Introduction
AI agents are hard to operate: they behave differently on every input and fail in ways that don’t surface as errors, so dashboards built for microservices can’t tell you whether last week’s change actually helped. Introspection is built for this. You define each agent as a recipe (a versioned, git-backed package of its behavior), deploy it to commit-pinned infrastructure, and run it as a managed runtime, where every run is captured as structured behavior you can query, grade, and A/B test.
From local recipe to self-improving agent
- Build locally. Author and run your agent as a recipe with the
pi-recipesCLI (beta):recipes createto scaffold,pi --recipe <name>to run, iterate before anything ships. - Deploy with Introspection. Push the recipe to git, pin it to a commit, and register it as a runtime on an environment lane. Every run is now captured and replayable.

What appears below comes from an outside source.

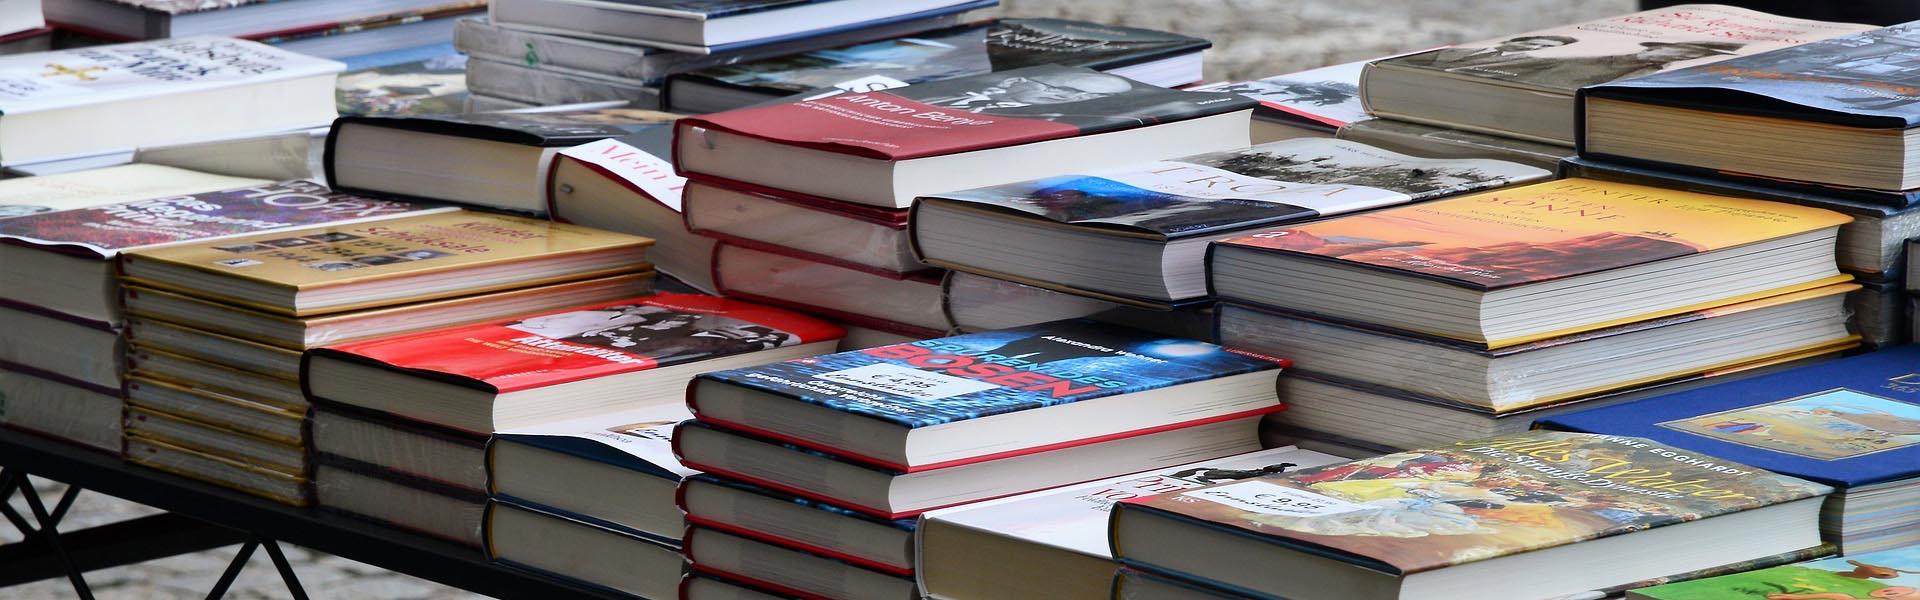 Los tipos de encuadernación en los libros y documentos

- Improve in production. Turn that captured behavior into evidence-based change with the operator loop below.
The operator loop
Each stage maps to a concept you’ll meet throughout these docs:
Connect a recipe as a runtime → observe every task as a conversation with synthesized observations and patterns → investigate top-down with structured filtering → define “good” as a judge → experiment on live traffic → ship & guard the winner so quality can’t silently drift.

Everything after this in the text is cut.